● Prompt
No pictures should be carried over. Output all other parts of the entries verbatim.

Data items
== == ==

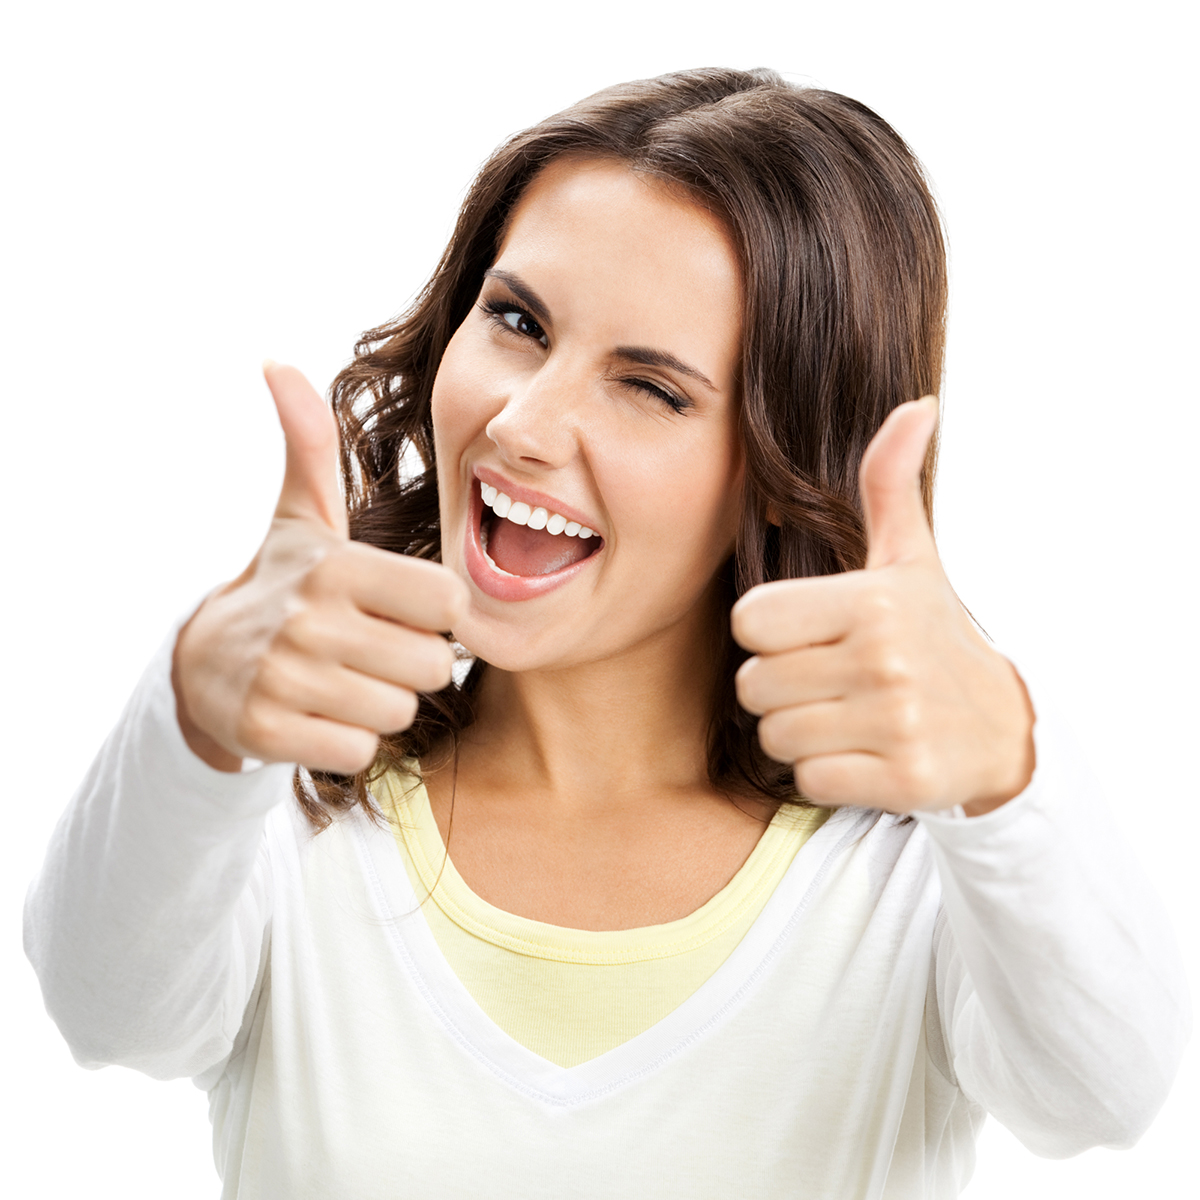 Why reviews matter: a smiling woman showing two thumbs up.
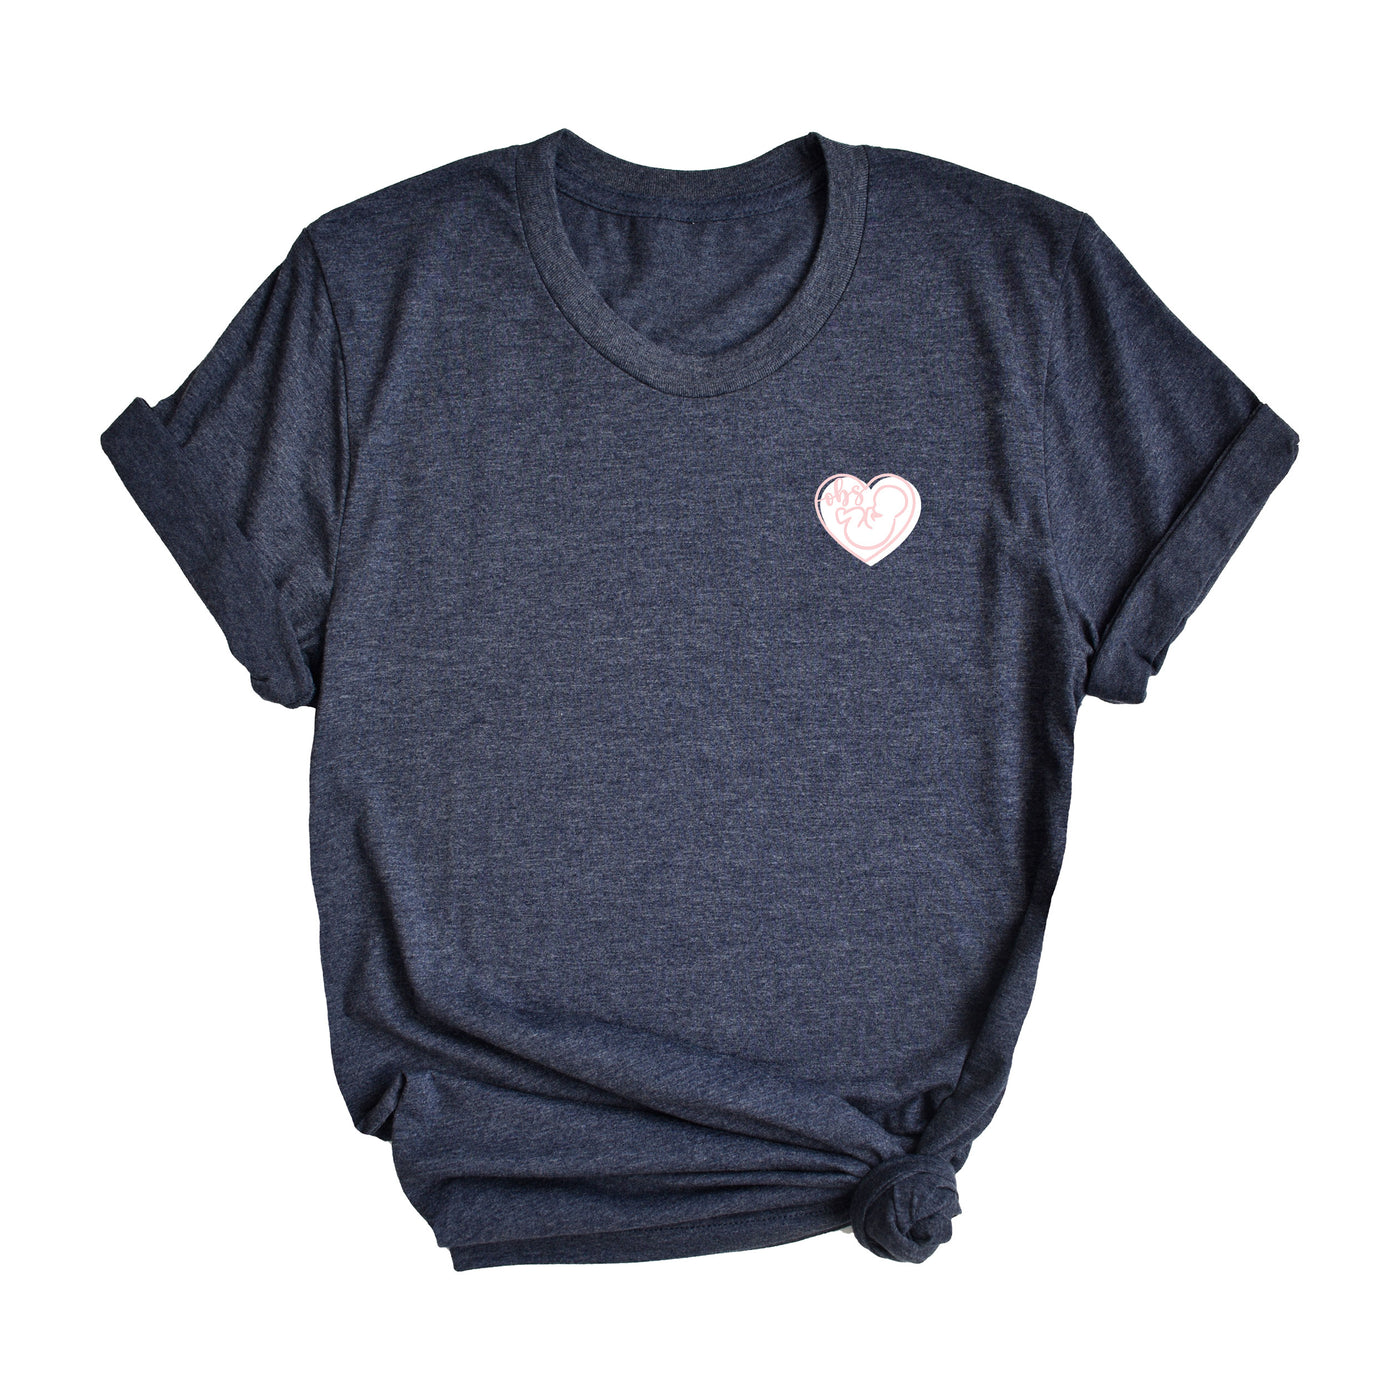 Baby in Heart - Obs - Shirt
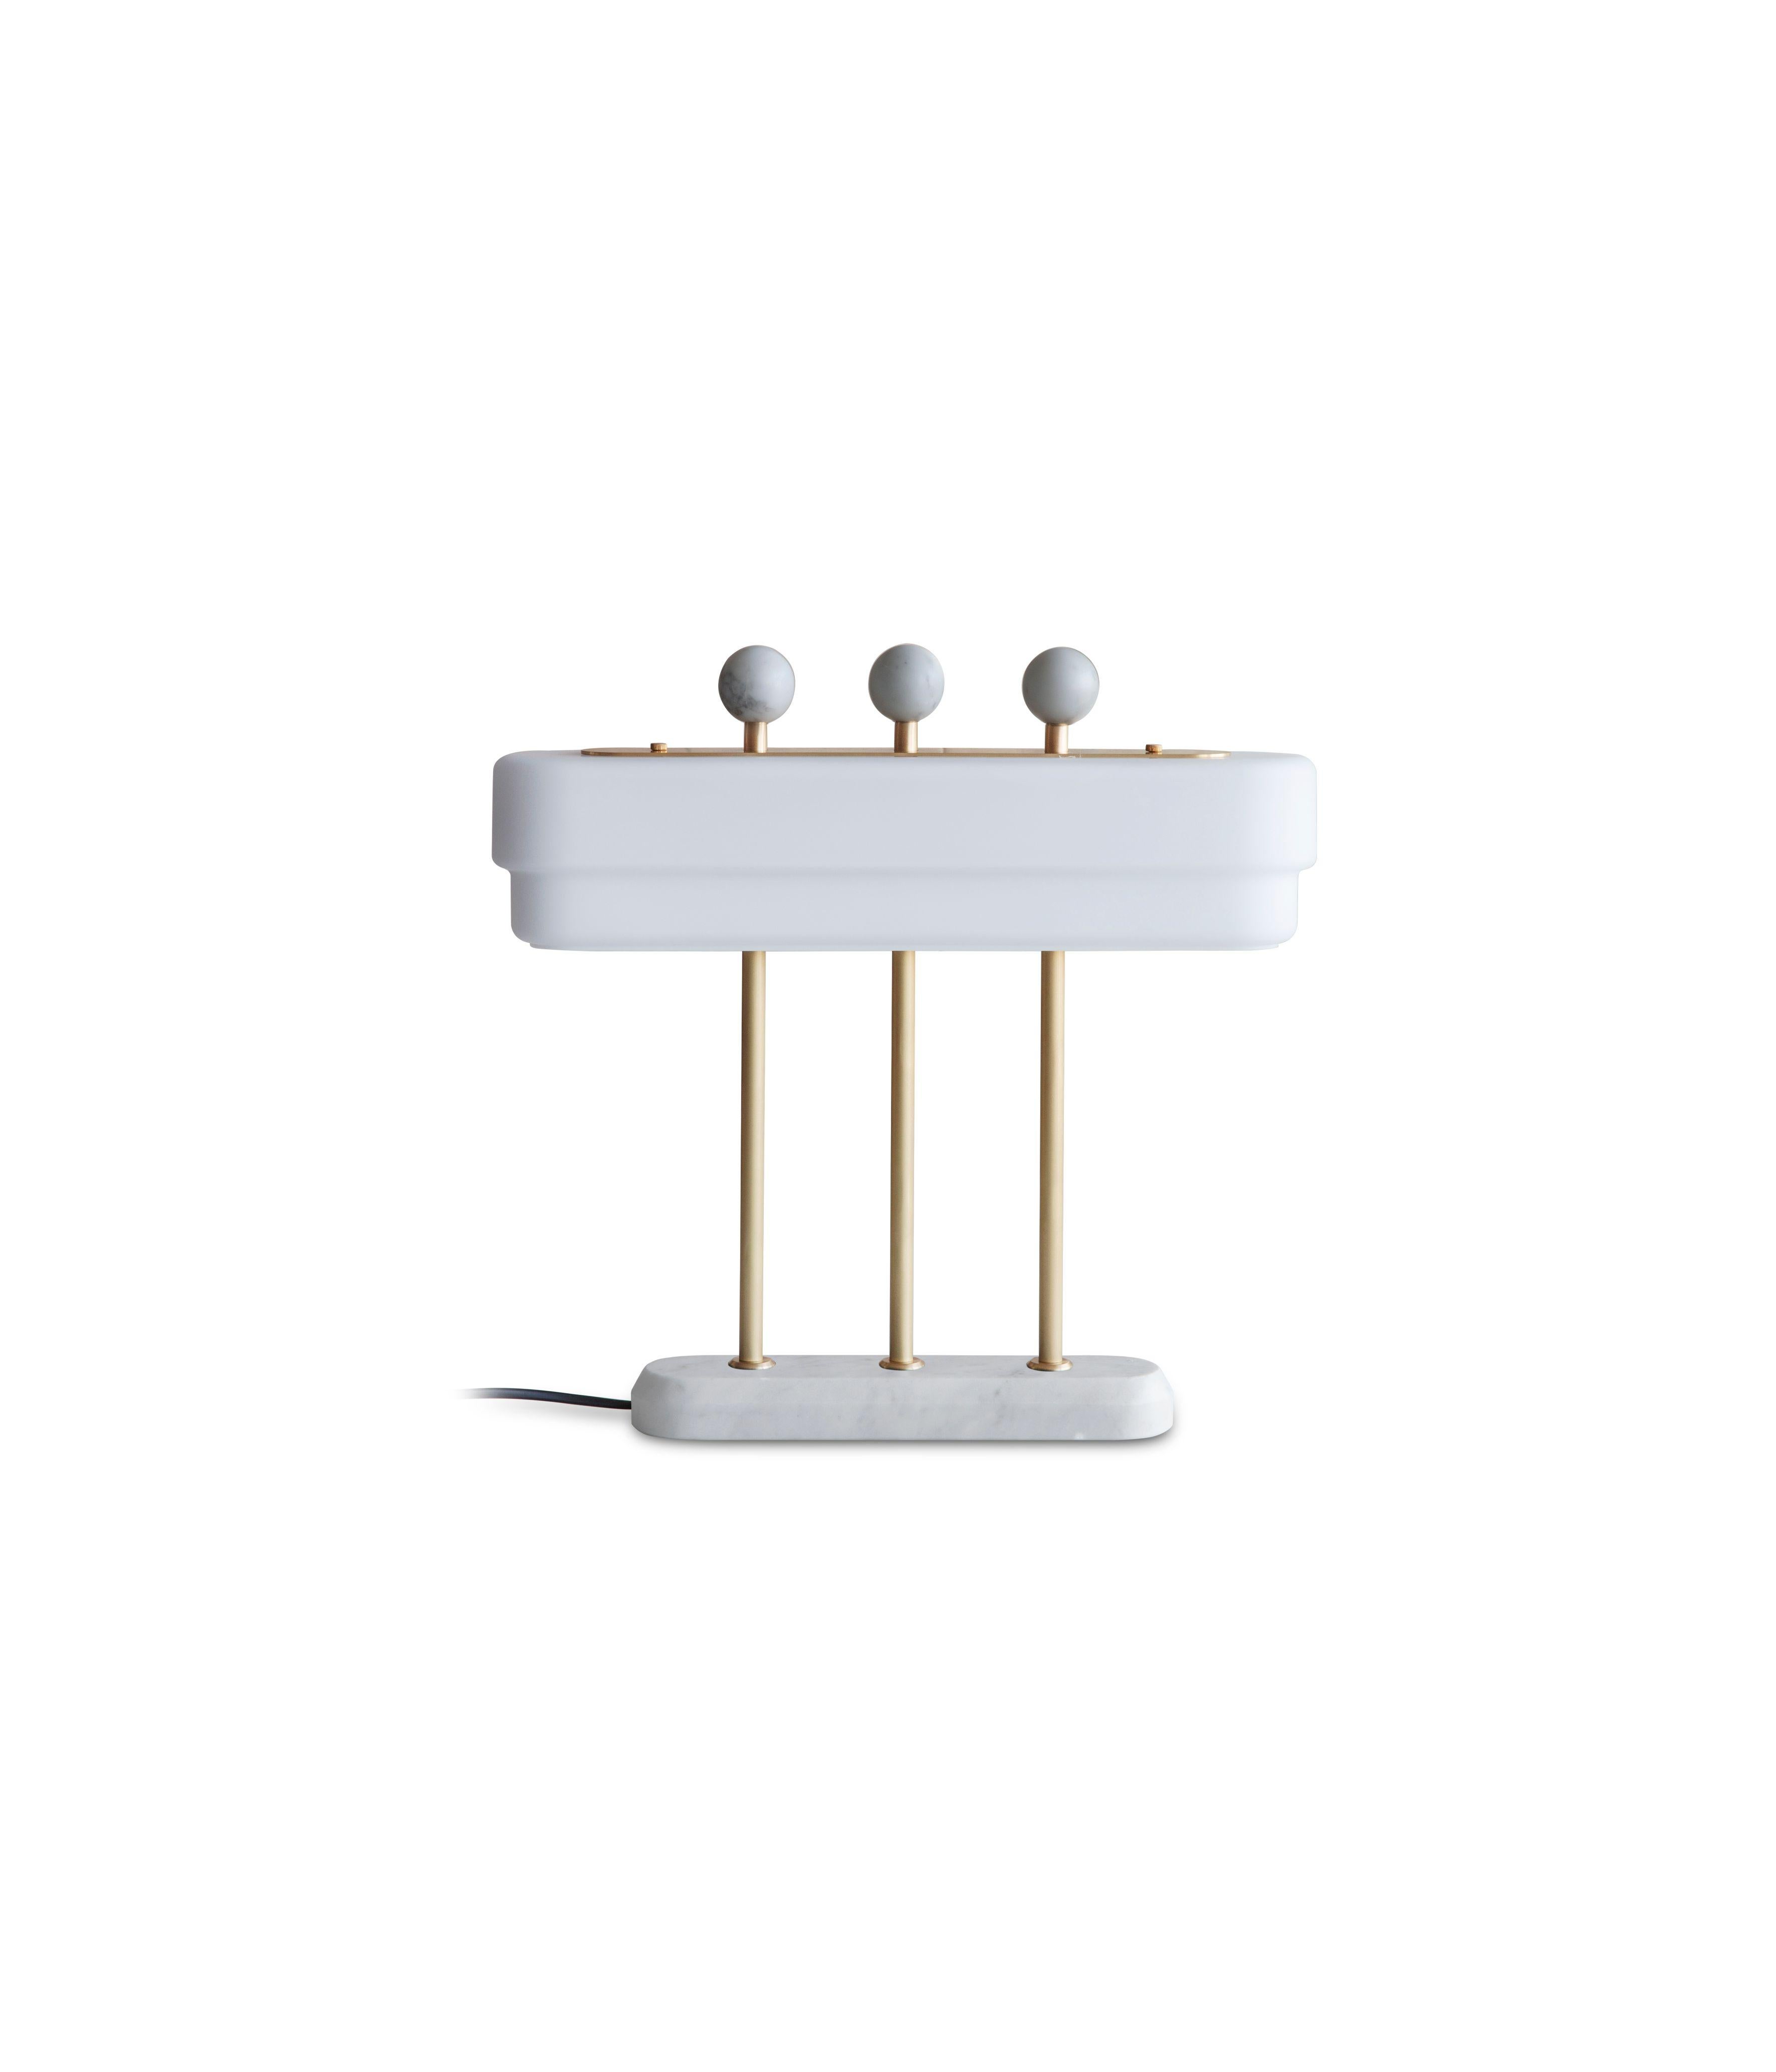 White spate table lamp by Bert Frank.
Dimensions: H 40 x W 9 x D 44 cm.
Materials: brass, marble and glass.


All our lamps can be wired according to each country. If sold to the USA it will be wired for the USA for instance.

When Adam Yeats

== == ==

● Solution to this exercise
 Why reviews matter: a smiling woman showing two thumbs up.
 Baby in Heart - Obs - Shirt
 White spate table lamp by Bert Frank.
Dimensions: H 40 x W 9 x D 44 cm.
Materials: brass, marble and glass.


All our lamps can be wired according to each country. If sold to the USA it will be wired for the USA for instance.

When Adam Yeats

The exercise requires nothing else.